To increase repeat sales for example, focus on strategies that reward loyalty and repeat business through discounts or other bonuses. To increase new sales, make existing customers happy (this should not cost you extra) and make sure you reward them for sending you referrals. To grow business that’s just a start up, build a tight community of customers who are engaged in your success and wants to see you grow. If you’re trying to capture customers were on the fence, hard-sell tactics won’t work, so your strategy should focus on creating a dialogue that will lead you to ways of overcoming their resistance. Positioning yourself as a leader in the industry? Be a problem solver and bring other people together for idea jams.

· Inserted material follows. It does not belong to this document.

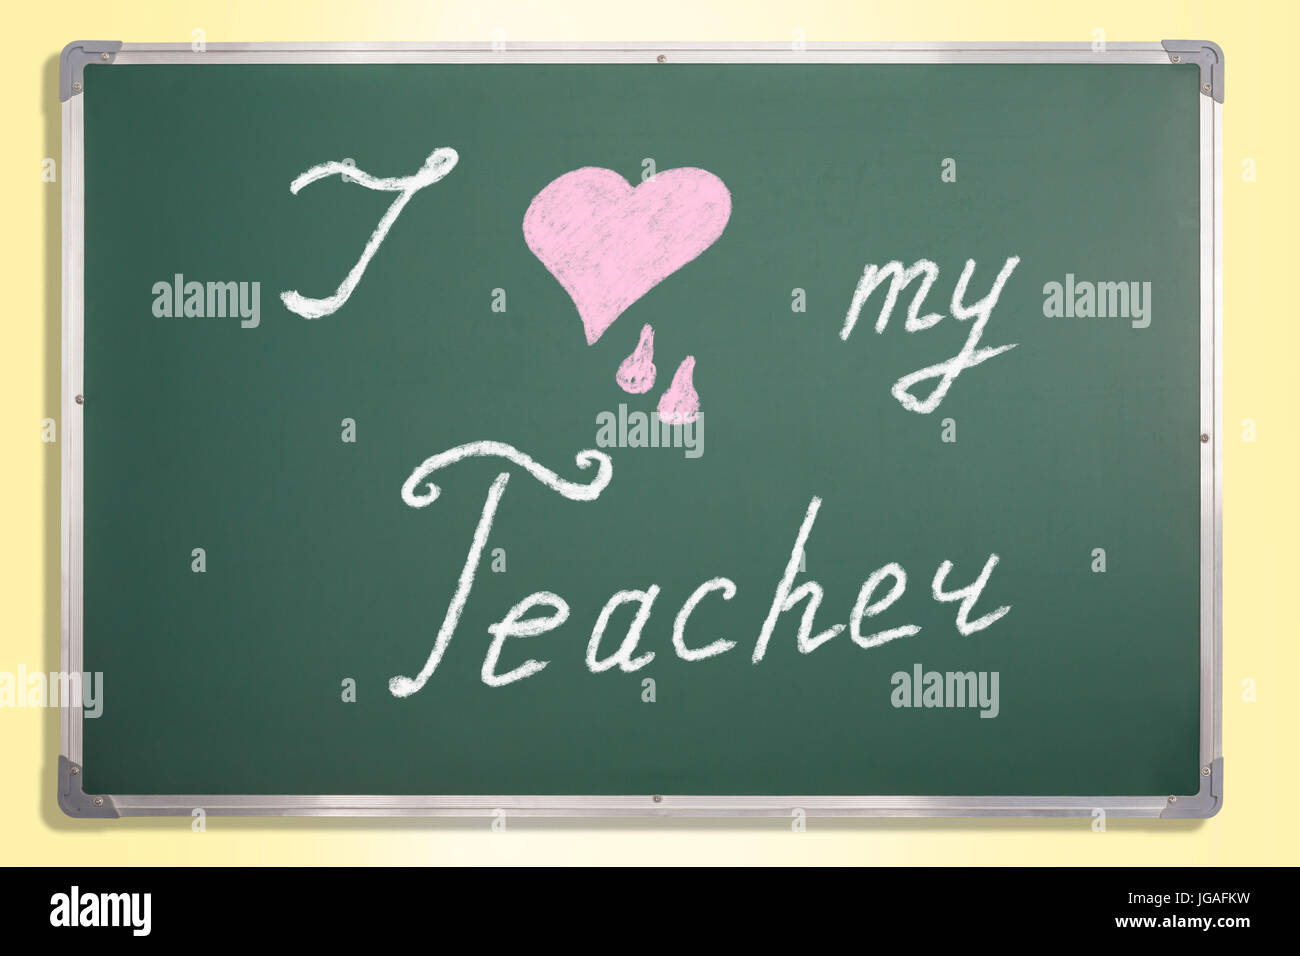 Teacher Wallpaper  NawPic
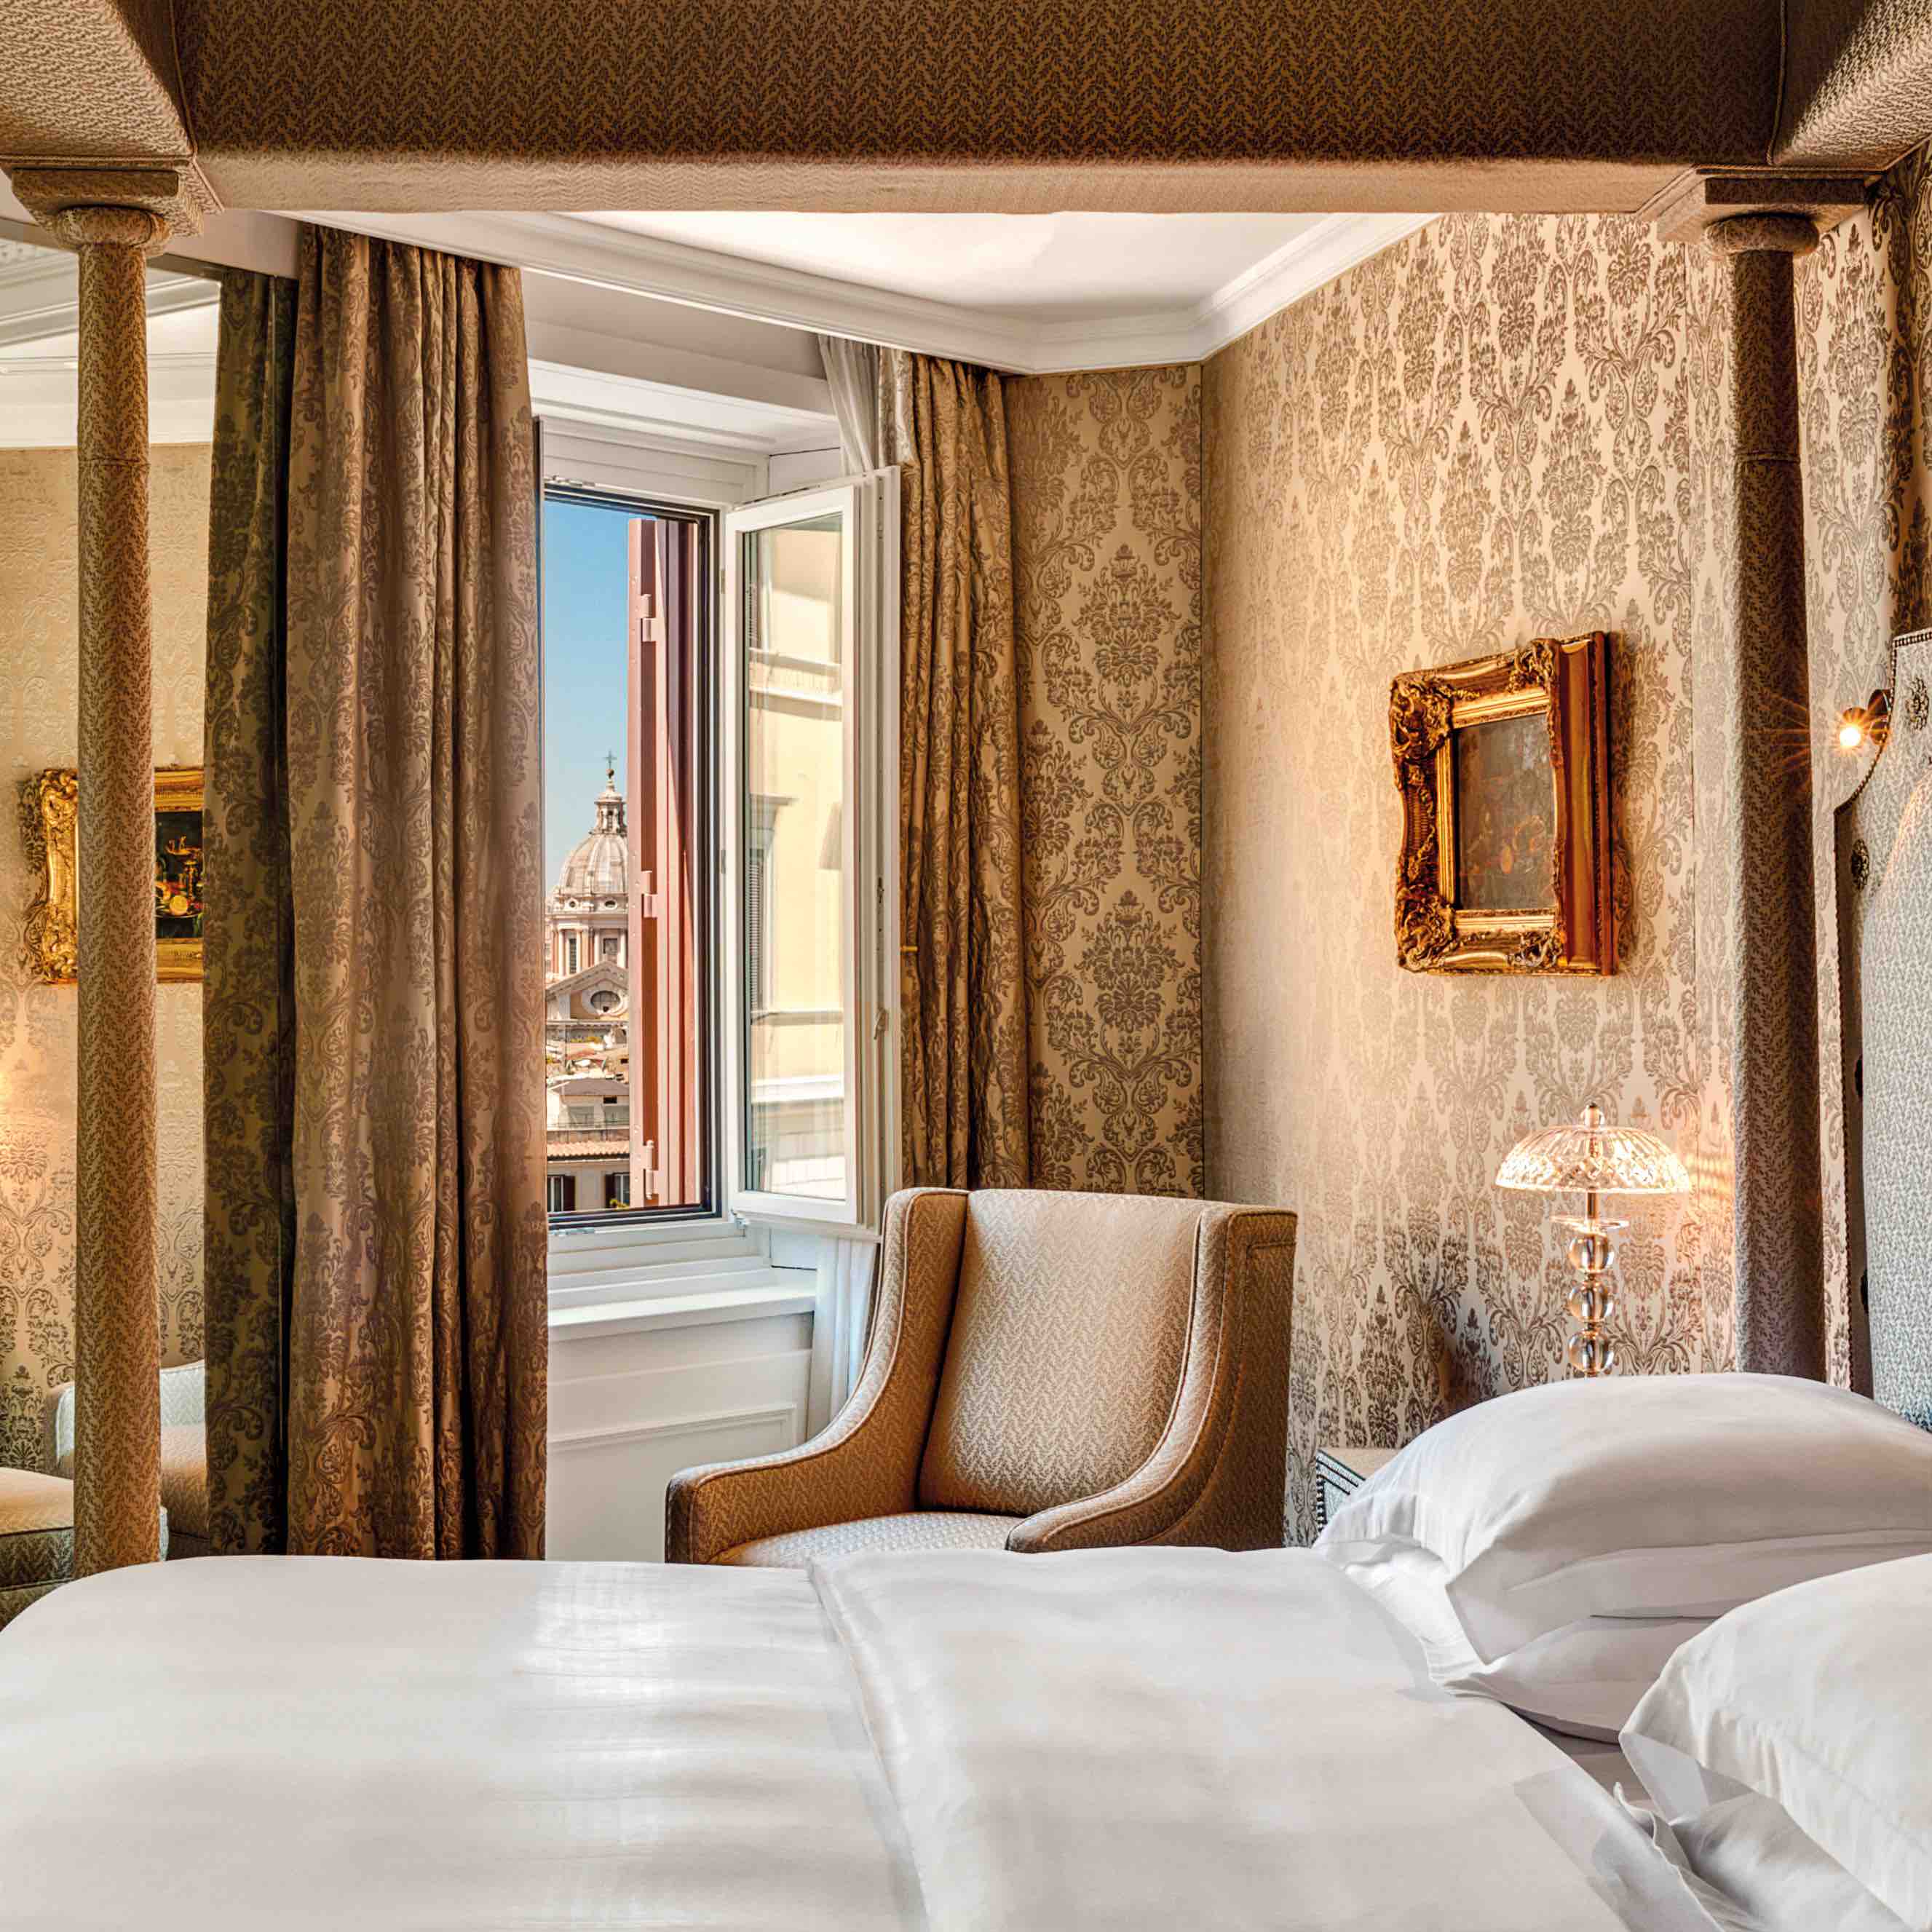 Gran Deluxe Suite Hassler Bedroom- Hassler Roma - credit Genivs Loci-min.jpeg

For most businesses, you might want to accomplish most or all of the above, and if that’s the case, your strategies and methods should overlap in ways that are mutually supportive for all the goals. If all you want is a one-time sale, all you get from the customer is their money. If you want to grow affinity and loyalty and an army of marketers working on your behalf, rely on strategies that offer something positive rather than manipulating your customers.

Select Your Tools

With all the factors that go into deciding where to spend your marketing money, what your goals should be, and how to motivate your customers, it should be clear by now that your method should be the last thing you choose. Unless, that is, you want to spend your capital tailoring your campaign to a specific channel, and learn about the cost of doing business backwards the hard way.

Final Thoughts

This was a big mini series and we didn’t even scratch the service of marketing as a function of your business. There are also tons of tools, resources, other sites, and podcasts that are devoted to sharing the latest and greatest with you and the best part is it’s always evolving. Whatever the cool marketing tools are the day you find this post the meat and potatoes of this mini series still stands. You need to figure out what your market cares about, where their attention is going, how they like to be communicated with, and engaged authentically.